GNOME Bugzilla – Bug 742996
Missing data in histogram
Last modified: 2015-01-16 17:51:22 UTC
Hi Jean, Thanks for maintaining gnumeric. Here's the reminder you asked for. I happened to notice that the otherwise fine statistical histogram chart can sometimes omit data. A screen shot is attached. I created it by doing ... chart-icon > statistics > histogram. I expect you can diagnose the cause better than I, but I wonder if its automatic calculation of either a.) the chart's bins or b.) X axis' limits might be improved. At one point, you seemed to think the chart's bins should probably start at −0,1. I hope that helps, Kingsley
Nothing appears to be attached. (Bugzilla sometimes drops initial attachments.) Also, a sample file might be useful.
Created attachment 294630 [details] screenshot
Created attachment 294631 [details] sample file
This is squarely an issue of the chosen bins. With the appropriate data values, the chosen bins can be such that there are data values equal to the lower limit of the smallest bin. Since the bins contain the data values at the upper limit but not at the lower limit, some values may not fall into any bin. Please note that he histogram tool allows for much more options than using just the histogram chart.
The bins are automatic in this case, so all data should be included, imho.

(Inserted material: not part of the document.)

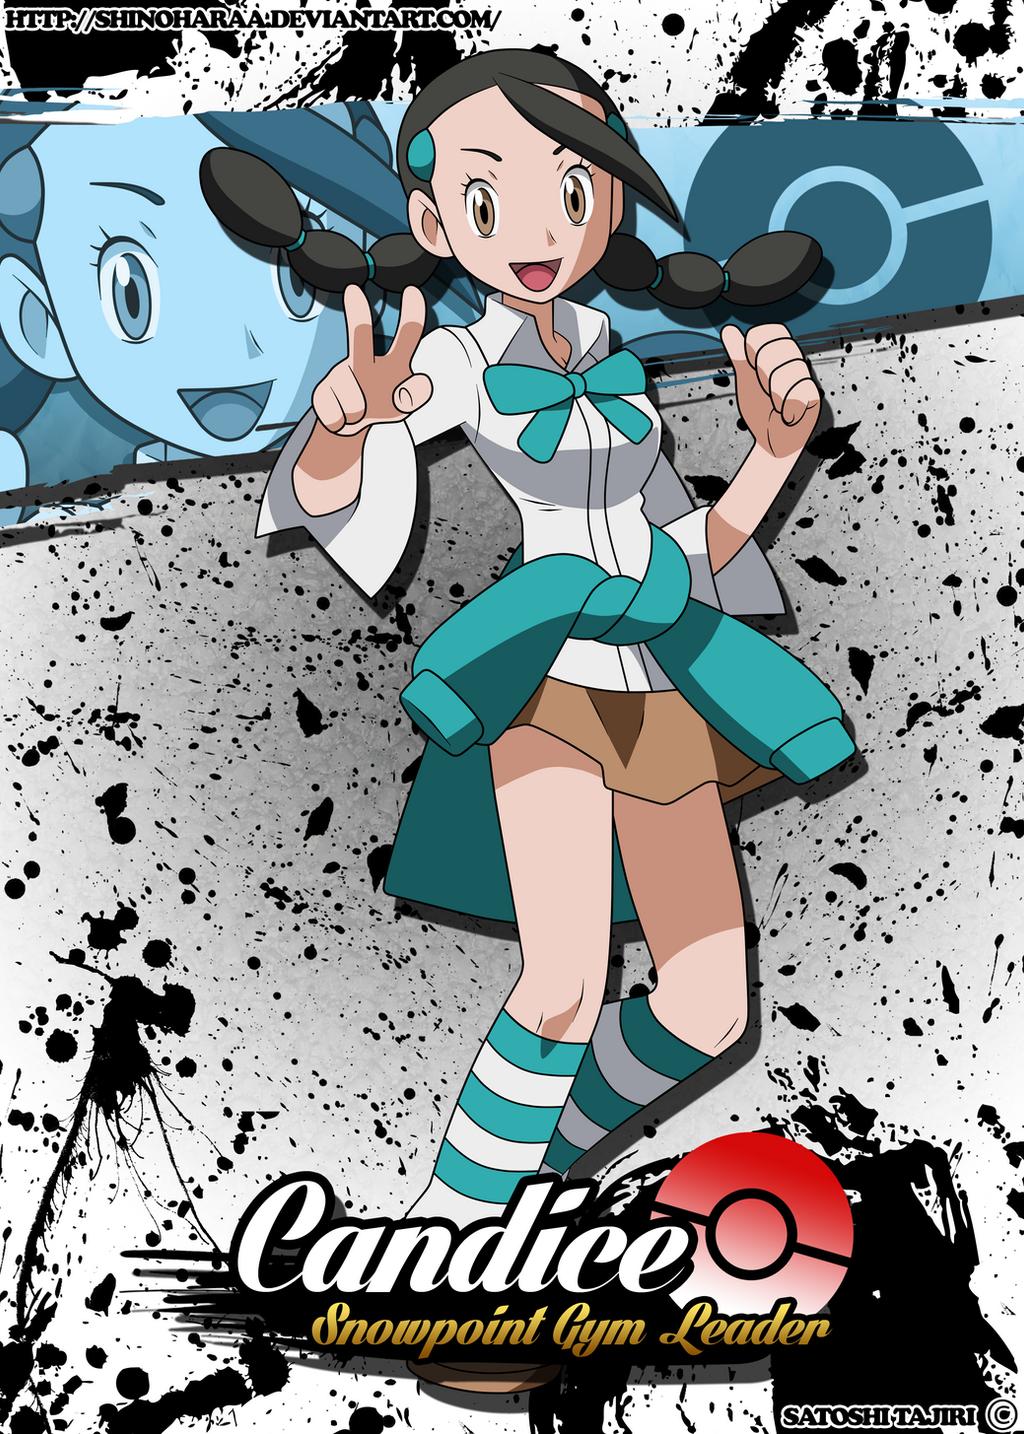 Pokemon Candice

I mostly agree with Jean here: automatic bins should not exclude this much data. I can imagine ignoring a few (~1-2%) outliers, but this hides a quarter of the data.
My comment #4 was intended to describe what is happening (so it can be fixed) it is probably reasonable that automatic bins don't loose any data points. (This is quite separate from the fact that I think that using automatically created bis is usually a bad idea.)